The diversification of Côte d’Ivoire’s international partnerships is bearing fruit. Oil companies Tullow and Lukoil, South Africa’s Standard Bank and the global shipping group Maersk joined the French construction firm Bouyges in investing in 2014.

Citigroup has moved its regional office back to Abidjan, and the African Development Bank is bringing its headquarters back to the country, a sign that it is once again considered the centre of francophone West Africa. The International Finance Corporation has declared an intention to invest $1bn over three years, and other donors have backed the renaissance with more than $8.5bn in pledges.

Oil exploration, spurred by large discoveries in neighbouring Ghana, has resumed, with the potential of adding hydrocarbon exports to Cote d’Ivoire’s traditional strength in cocoa and other cash crops.
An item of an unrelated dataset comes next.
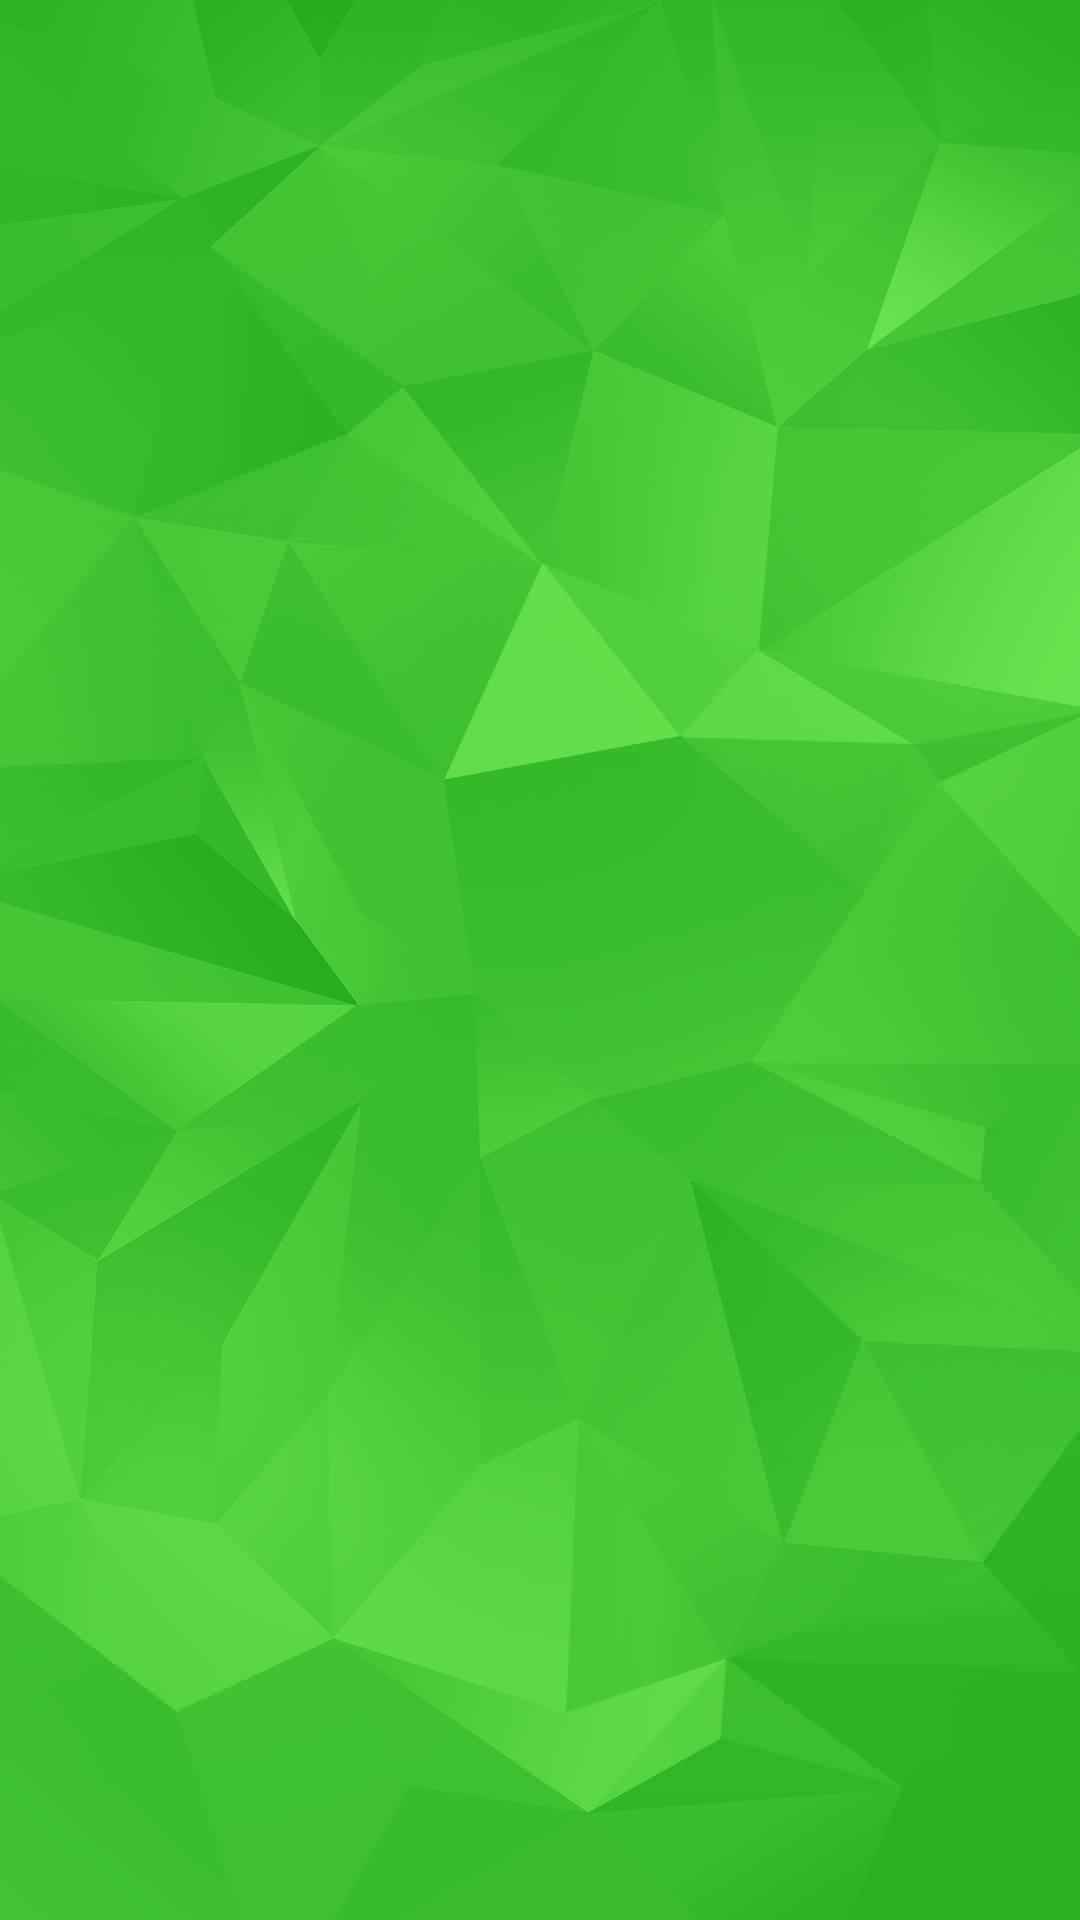 緑のポリゴン Iphone6 Plus壁紙 Wallpaperbox

Economic growth has been strong but it has been declining slightly since a strong 9.8% expansion in 2012. The IMF expects 8.5% growth this year and 7.9% in 2015. Above all else, says Megan McDonald, global head of debt capital markets at Standard Bank, it is this growth that has brought capital markets investors back into Ivorian debt. “That’s what investors are buying into [in Côte d’Ivoire],’ she says. “The African growth story.”

EM INTERVIEW Seventy year old Daniel Kablan Duncan is not a newcomer among African policymakers. Indeed, he was finance minister in the early 1990s under the late president Félix Houphouet Boigny, who also appointed Alassane Ouattara as prime minister at the time. Duncan is now overseeing a far-reaching plan to restore the country’s past glory.

“The country is fast becoming a regional showcase,” he told Emerging Markets. “It is again one of the locomotives of the region in the sub-region, together with Nigeria.”

Côte d’Ivoire is already preparing another bond issue next year of some $1bn, in agreement with the IMF following last year’s successful Eurobond issue. “We have been working with the Fund to sustain the pace of investment in Côte d’Ivoire,” he said. The country has been pursuing a $22bn investment programme (2012-2015), 60% of which is supposed to be financed by the private sector.

Duncan says the investment rate has already doubled from 8% of GDP during the civil war to 16.5% this year. Officials are now aiming for 23% by 2015 and returning to the level of “les années glorieuses” of Houphouet Boigny of more than 25% of GDP.

Economic growth is expected to hit 8%-10% next year, he says. The fall in commodity prices has not really hurt Côte d’Ivoire so far, as cocoa prices are still supportive, he said, which has allowed it to increase the price paid to producers.

The Ivorian prime minister is also a regional integration enthusiast. Nigeria already accounts for 23% of overall trade of the west African economic community ECOWAS, of which Côte d’Ivoire is a member. This share is supposed to double by 2020, according to government projections. “Integration is the key for the whole sub-region of West Africa,” Duncan said.